Conference Call Access Information
May 25 at 8:30 a.m. ET
www.shareholder.ford.com
Toll Free: 1-800-659-1942
International: 1-617-614-2710
Passcode: 'Ford Call'
Replays
Available through June 1
www.shareholder.ford.com
Toll Free: 1-888-286-8010
International: 1-617-801-6888
Passcode: 56389576
* Plants and Facilities Transferring to Ford-Managed Business Entity
Plant/Facility Location Operation
Bellevue Bellevue, OH Service Parts
Chesterfield Chesterfield, MI Interior
Autovidrio Chihuahua, Mexico Glass
El Jarudo Chihuahua, Mexico Powertrain
Commerce Park South Dearborn, MI Administrative/Support
Glass Labs Dearborn, MI Glass
Product Assurance Center Dearborn, MI Engineering
Visteon Technical Center Dearborn, MI Engineering/Support
Indianapolis Indianapolis, IN Chassis
Kansas City VRAP* Kansas City, MO Interior
Carlite Automotive Lebanon, TN Glass
Milan Milan, MI Powertrain
Monroe Monroe, MI Chassis
Nashville Nashville, TN Glass
Lamosa Nuevo Laredo, Mexico Chassis/Powertrain
VitroFlex Nuevo Leon, Mexico Glass
Sheldon Road Plymouth, MI Climate Control
Saline Saline, MI Interior
Sandusky Sandusky, OH Powertrain/Lighting
Sterling Sterling Heights, MI Chassis
Tulsa Tulsa, OK Glass
Utica Utica, MI Interior/Exterior
Rawsonville Ypsilanti, MI Powertrain
Ypsilanti Ypsilanti, MI Powertrain
*VRAP: Visteon Regional Assembly Plant
____________________________________________________________
Ford Motor Company, a global automotive industry leader based in Dearborn,
Michigan, manufactures and distributes automobiles in 200 markets across six
continents.
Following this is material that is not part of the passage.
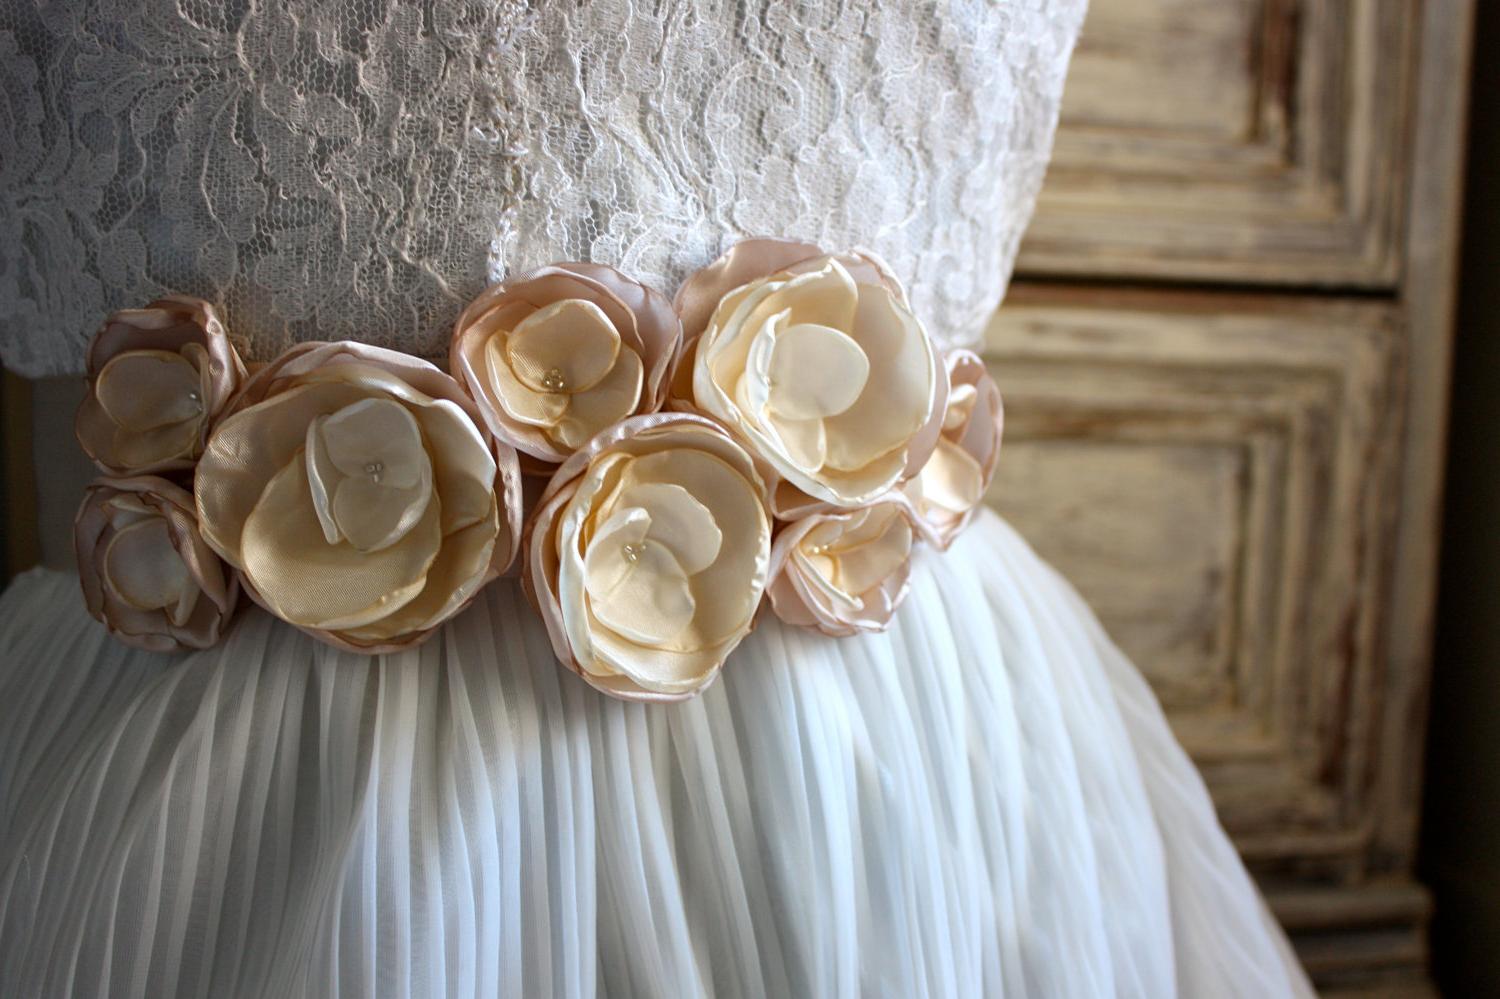 Rose Belt in Caramel Brown, Ivory Brown and Ivory  also shown in Purple Hues

With more than 324,000 employees worldwide, the Company's core and
affiliated automotive brands include Aston Martin, Ford, Jaguar, Land Rover,
Lincoln, Mazda, Mercury and Volvo. Its automotive-related services include Ford
Motor Credit Company and The Hertz Corporation.
- # # # -
SAFE HARBOR
Statements included herein may constitute 'forward-looking statements' within
the meaning of the Private Securities Litigation Reform Act of 1995. These
statements involve a number of risks, uncertainties, and other factors that
could cause actual results to differ materially from those stated, including,
without limitation:
• Failure of the UAW to ratify agreements allowing transfer of businesses and
other matters.
• Anticipated buyouts of UAW-represented hourly employees may not occur as
timely as planned.
• The sale or transfer of the entity businesses to other suppliers does not
occur, takes longer than anticipated, or cannot be achieved without terms that
are more onerous than assumed.
• During the period prior to the sale or transfer of the entity businesses,
operational difficulties may occur in those businesses due to labor strife,
change in management, or other reasons that could result in the interruption of
the supply, or deterioration in the quality, of the components provided by those
businesses.
• Competitive pricing from purchasers of the entity businesses may not yield
expected cost savings because operational efficiencies may not be realized,
production volumes may be lower than anticipated or other reasons.